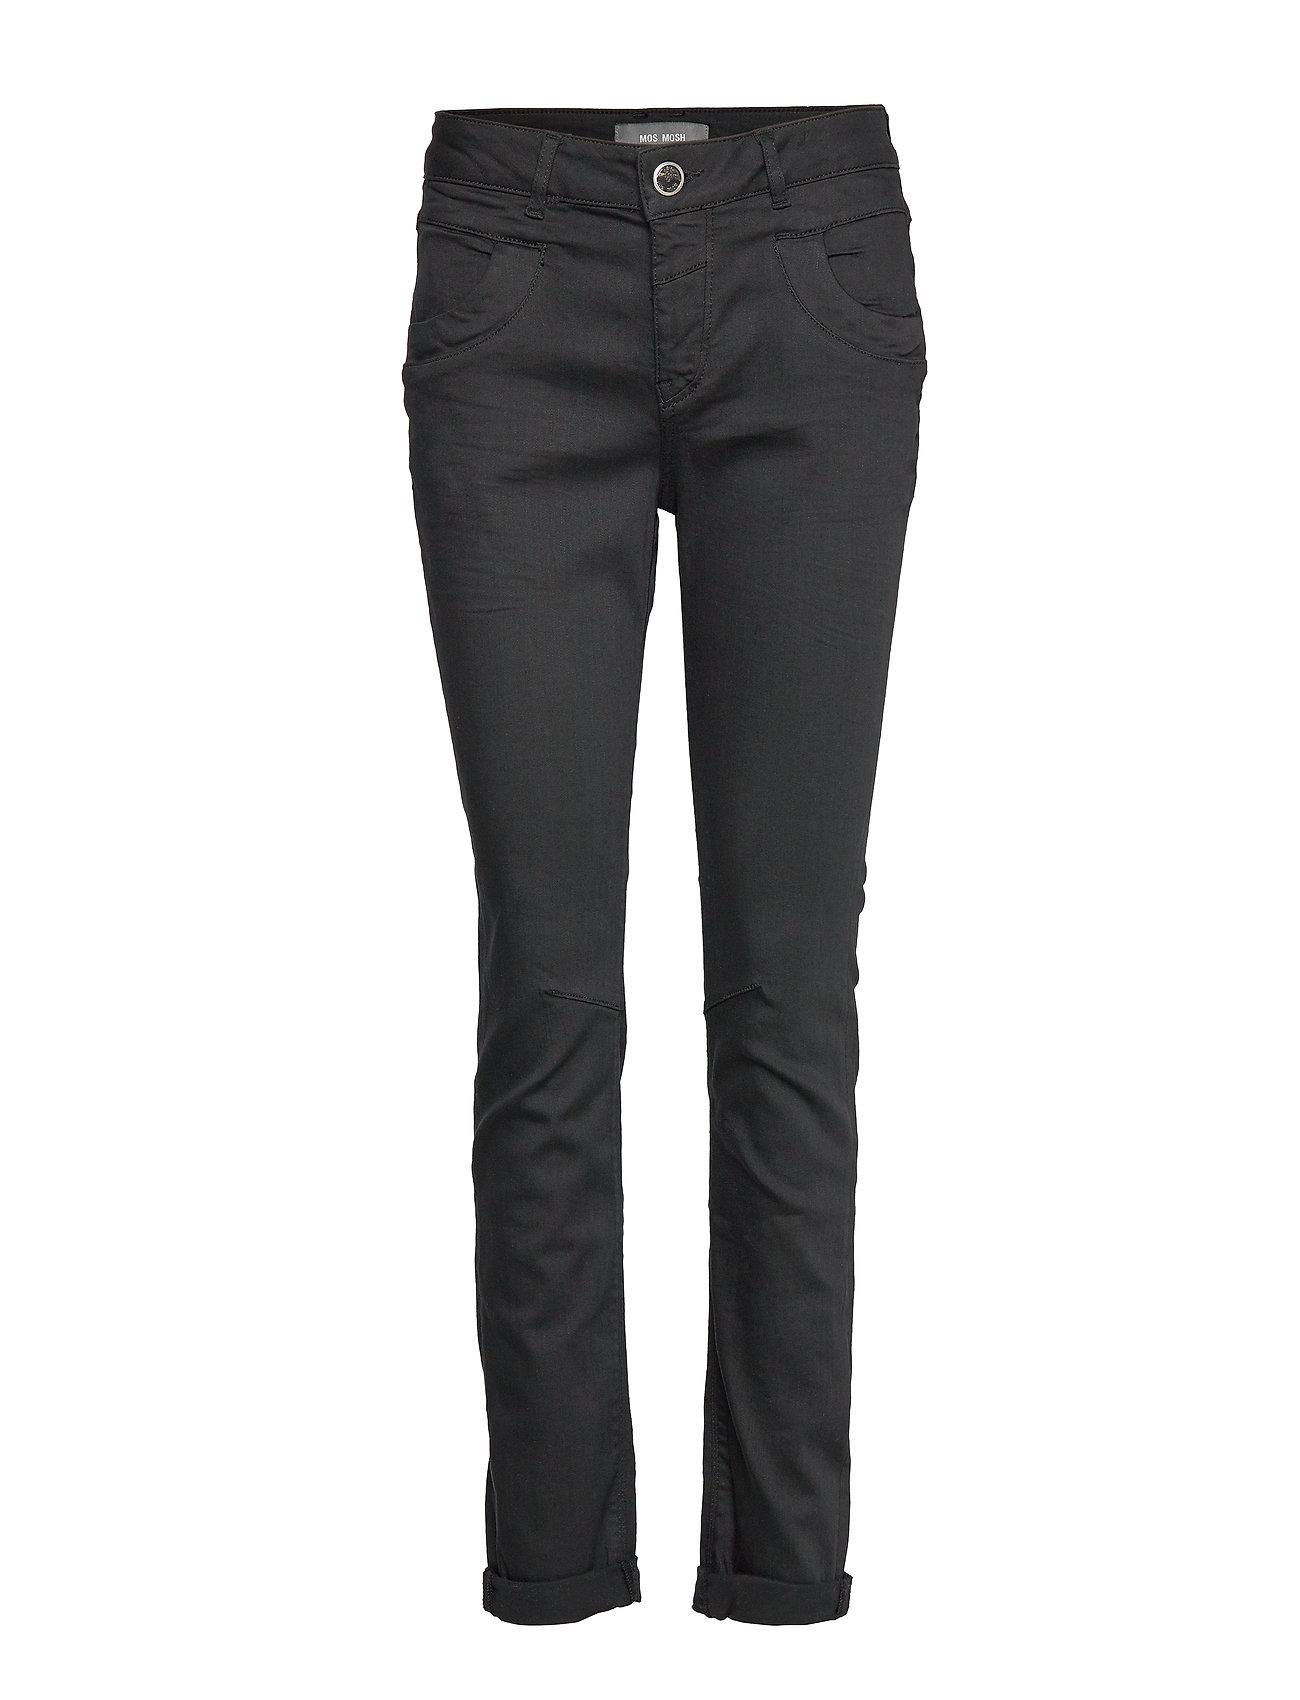 MOS MOSH Naomi Hybrid Jeans - BLACK DENIM
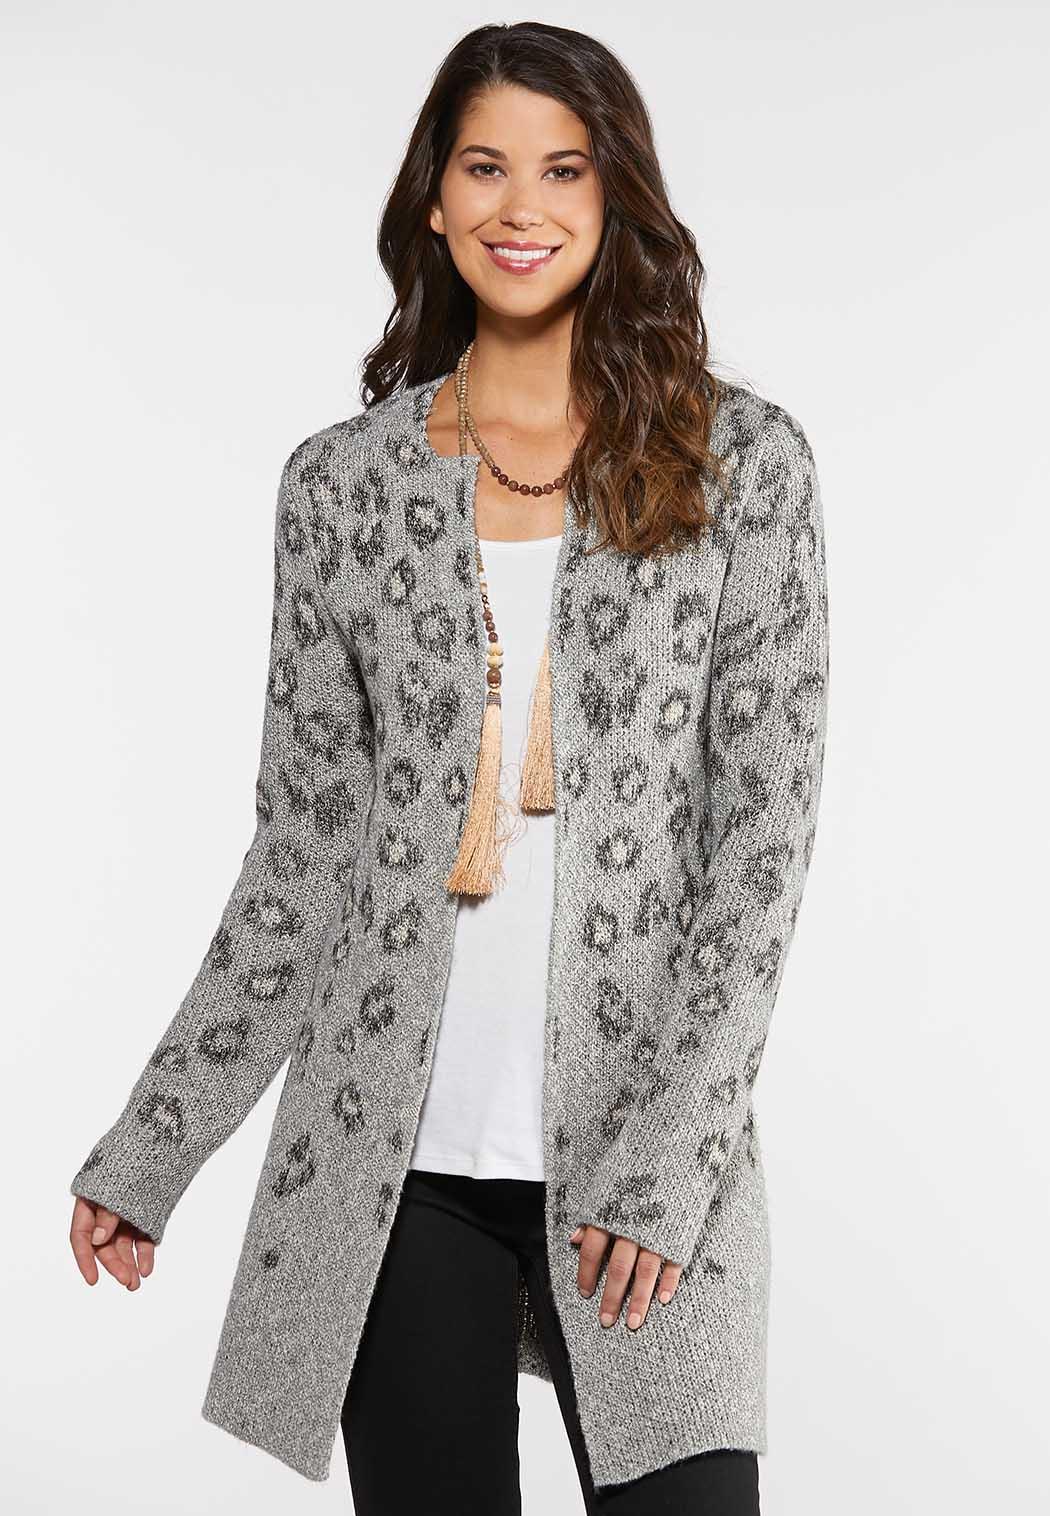 Plus Size Leopard Duster Cardigan Cardigans & Amp ; Shrugs Cato Fashions
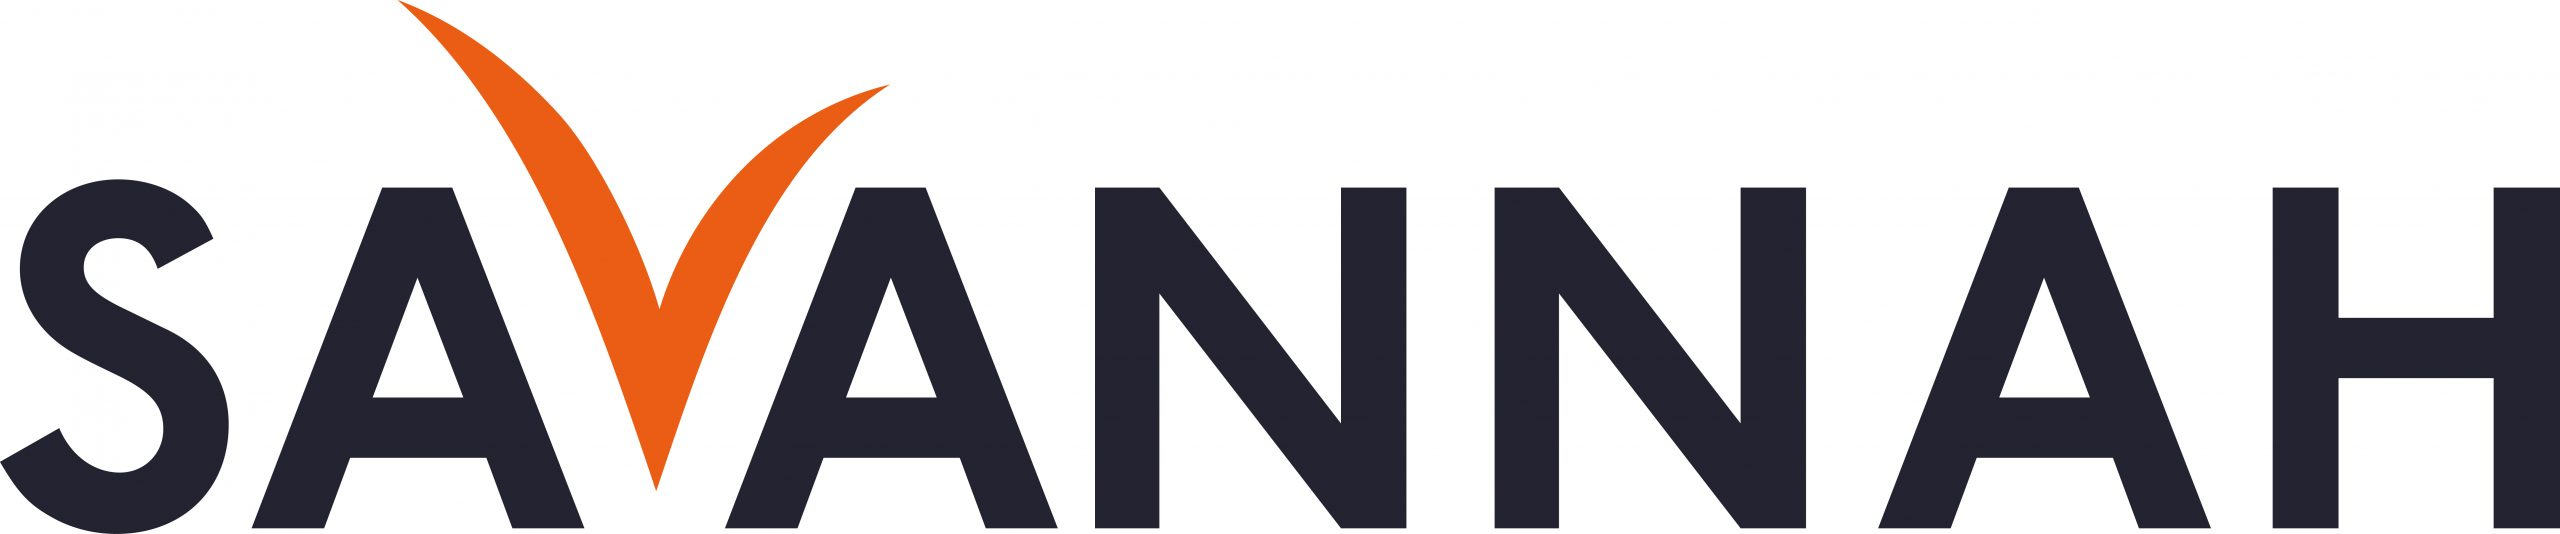 Savannah Logo High Res

⁂

- WHAT TO DO -
Your task is to copy word for word the lines from the line containing "Plus Size Leopard" to the end of the listing, both included, and to drop any pictures.

- WRITTEN ANSWER -
 Plus Size Leopard Duster Cardigan Cardigans & Amp ; Shrugs Cato Fashions
 Savannah Logo High Res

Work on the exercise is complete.